Additive Models Explained: A Computational Complexity Approach

NeurIPS OpenReview

Abstract

Generalized Additive Models (GAMs) are commonly considered interpretable within the ML community, as their structure makes the relationship between inputs and outputs relatively understandable. Therefore, it may seem natural to hypothesize that obtaining meaningful explanations for GAMs could be performed efficiently and would not be computationally infeasible.
In this work, we challenge this hypothesis by analyzing the computational complexity of generating different explanations for various forms of GAMs across multiple contexts.
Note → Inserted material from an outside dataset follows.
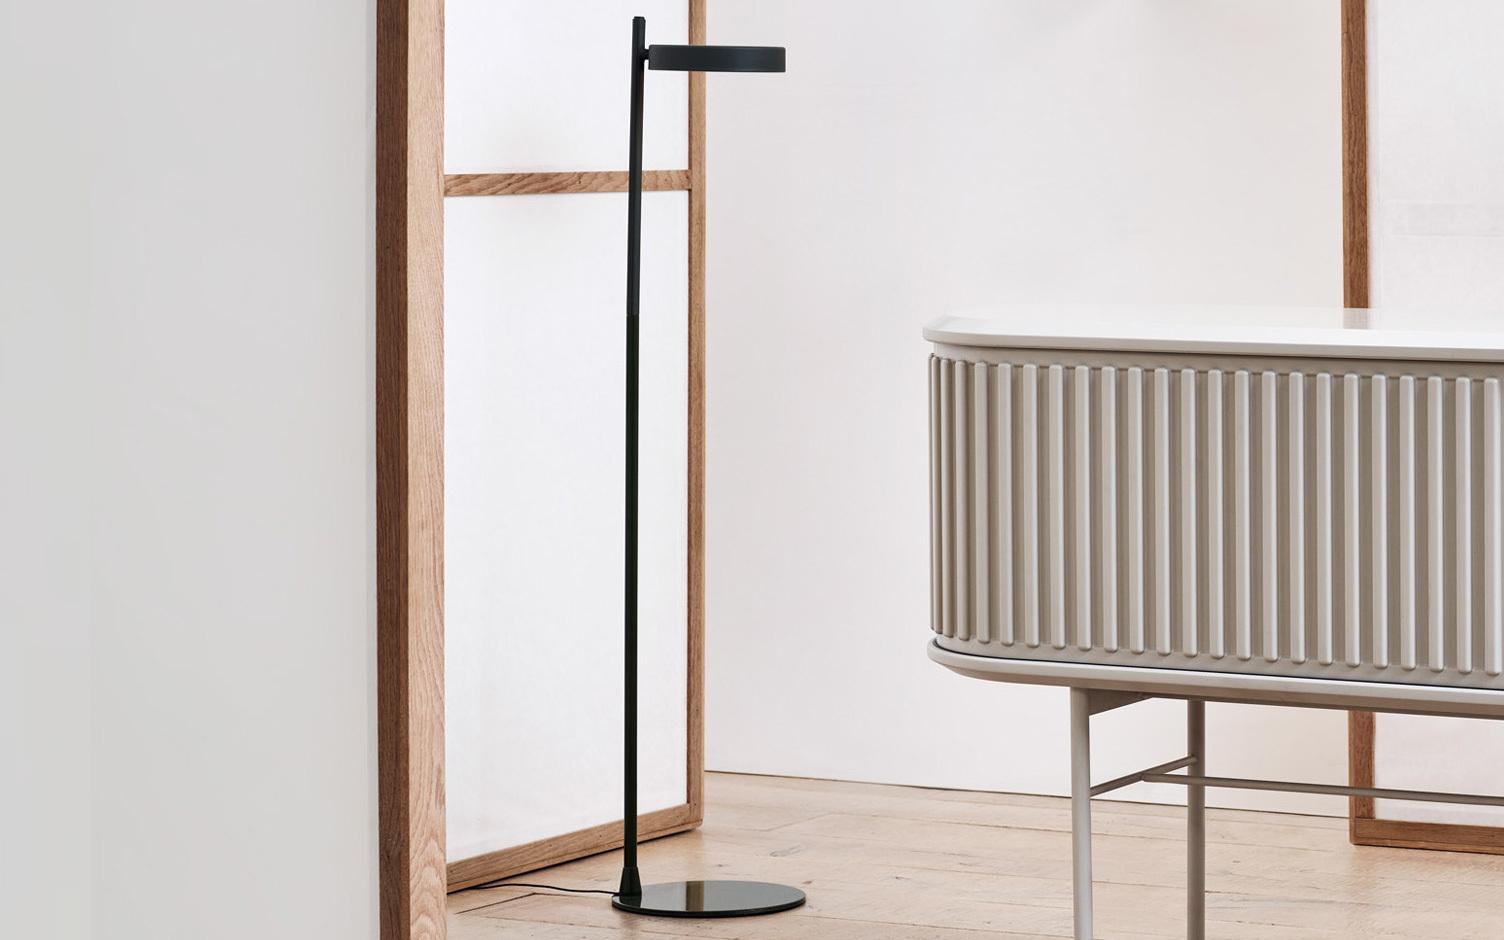 Floor Lamps catalogue image

Our analysis reveals a surprisingly diverse landscape of both positive and negative complexity outcomes.
Particularly, under standard complexity assumptions such as PNP, we establish several key findings:
  1. in stark contrast to many other common ML models, the complexity of generating explanations for GAMs is heavily influenced by the structure of the input space;
  2. the complexity of explaining GAMs varies significantly with the types of component models used - but interestingly, these differences only emerge under specific input domain settings;
  3. significant complexity distinctions appear for obtaining explanations in regression tasks versus classification tasks in GAMs; and
  4. expressing complex models like neural networks additively (e.g., as neural additive models) can make them easier to explain, though interestingly, this benefit appears only for certain explanation methods and input domains.
Collectively, these results shed light on the feasibility of computing diverse explanations for GAMs, offering a rigorous theoretical picture of the conditions under which such computations are possible or provably hard.